Separate data on March activity in China also showed retail sales growth quickened to 10.6%, beating expectations and hitting a near two-year high, while factory output growth also sped up but was just below expectations.
“The view on the dollar getting a bit weaker from here against the majors is predicated on a strong China,” said Thierry Wizman, Macquarie global FX & rates strategist in New York. “When you have the rest of the world doing well or better than U.S. in terms of activity … that’s usually bad for the dollar.”
Also driving dollar weakness is the likelihood disinflation already is occurring in the United States, a reason the Federal Reserve is going to pause hiking interest rates, Wizman said.
“There’s a good chance that the euro and Sterling continue to do well,” he said. “It starts with the disinflation story in the U.S., which is something that people are not really latching on to.”
The euro rose 0.38% to $1.0968 after two consecutive daily declines of more than 0.5%, while the dollar index, a measure of the greenback against six major currencies, slid 0.362%. The index rose over 1% in the last two trading sessions.
China’s offshore yuan rose 0.02% to $6.8824 per dollar.
Britain’s pound jumped despite an unexpected rise in the unemployment rate in the three months to February as pay growth stayed higher than forecast, which could prompt the Bank of England to hike its interest rate again in May.
“The surprise this year has been how strong the euro has been and Sterling, especially, given that we were coming out of the second half of last year with a multitude of crises in Europe,” Wizman said.
Sterling was last trading at $1.2427, up 0.43% on the day.
Futures traders are pricing in an 83.4% chance of the Fed raising rates by 25 basis points at its next meeting in May, with traders still expecting rate cuts toward the end of the year.
Jim Caron, co-chief investment officer of the Global Risk Balanced Team at Morgan Stanley Investment Management, said after a hike in May the Fed will keep rates in the 5%-5.25% range the entire year to ensure inflation remains under control.
“What keeps the Fed up at night is the fear that inflation becomes unanchored” and doesn’t remain lower near the U.S. central bank’s 2% target, Caron said. “If it starts to percolate back up again, and it becomes unanchored, then that’s a bigger problem.”
The U.S. central bank should continue raising rates on the back of recent data showing inflation remains persistent while the broader economy seems poised to continue growing, even if slowly, St.
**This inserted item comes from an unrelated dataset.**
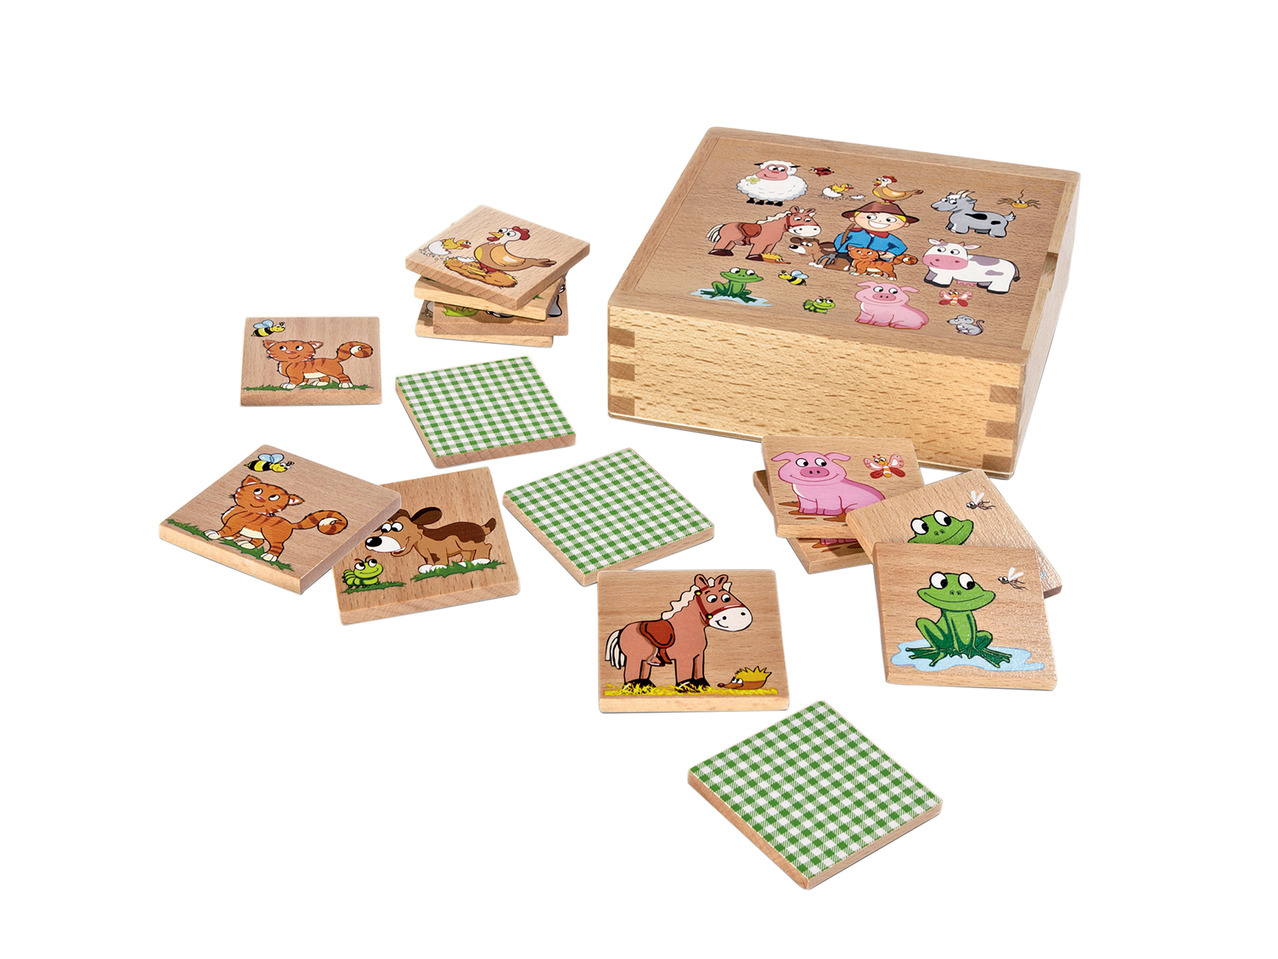 Playtive Junior Wooden Learning Puzzle or Wooden Games1

Louis Fed President James Bullard told Reuters.
Rates and inflation https://www.reuters.com/graphics/USA-FED/INFLATION/gkvlgnaywpb/chart.png
“The dollar can remain sensitive to the strength, or not, of the economic data as the Fed likely nears the end of their tightening cycle,” said Kristina Clifton, an economist at Commonwealth Bank of Australia (CBA).
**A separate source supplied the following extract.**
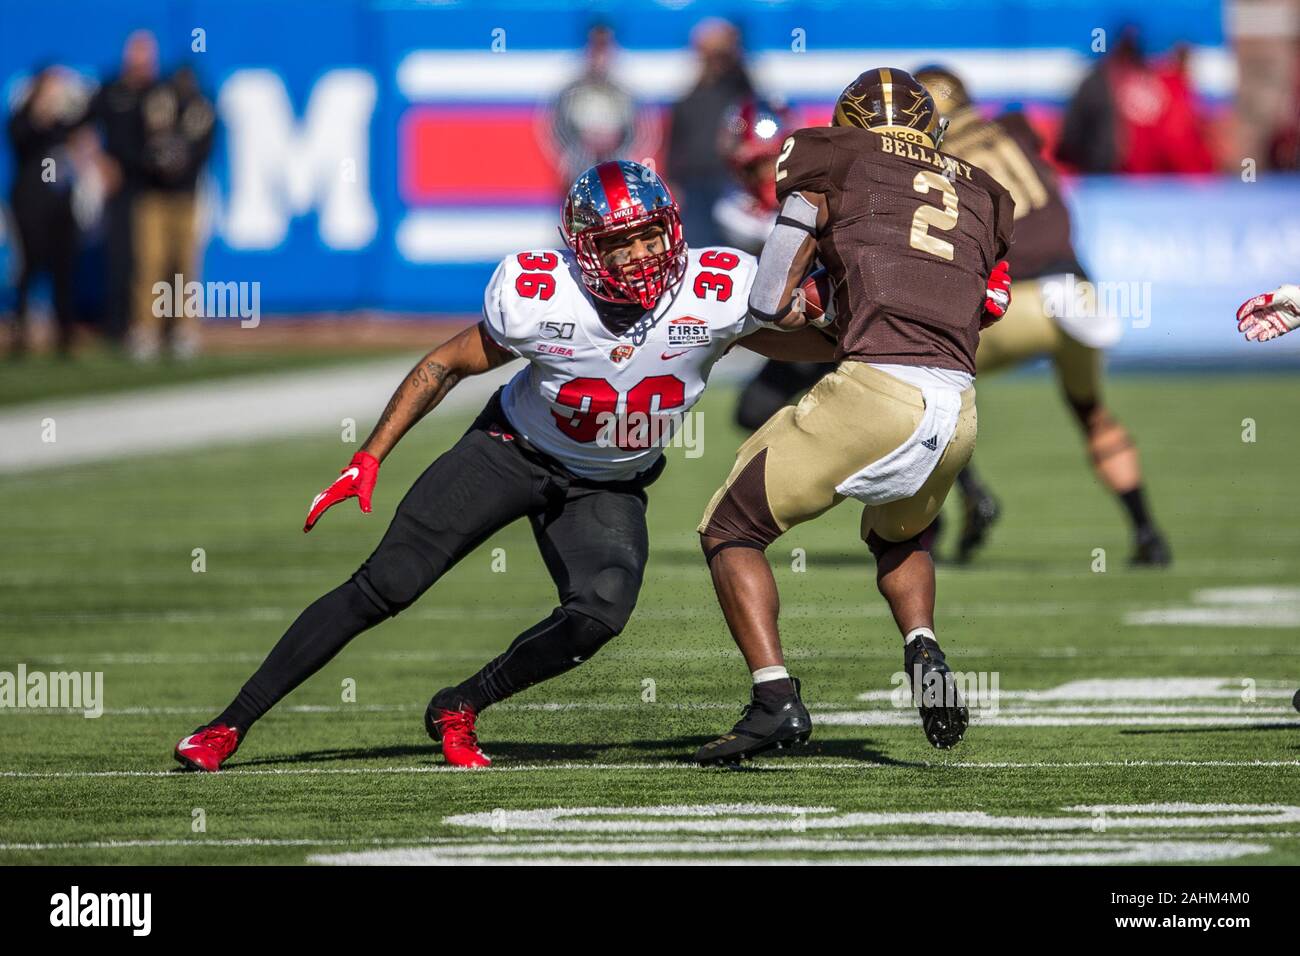 Dallas, Texas, USA. 30th Dec, 2019. Western Kentucky Hilltoppers linebacker Kyle Bailey (36) in action during the Servpro First Responder Bowl game between Western Michigan Broncos and the Western Kentucky Hilltoppers at the gerald Ford Stadiuml Stadium in Dallas, Texas. Credit: Dan Wozniak/ZUMA Wire/Alamy Live News Stock Photo

The Australian dollar rose 0.39% versus the greenback to $0.673 after Reserve Bank of Australia (RBA) minutes showed the central bank considered an 11th consecutive rate hike in April before deciding to pause.
The RBA, however, said it was ready to tighten further if inflation and demand failed to cool.
The yen strengthened 0.32% to 134.05 per dollar.
The Mexican peso lost 0.21% versus the dollar at 18.05 while the Canadian dollar fell 0.01% versus the greenback to 1.34 per dollar.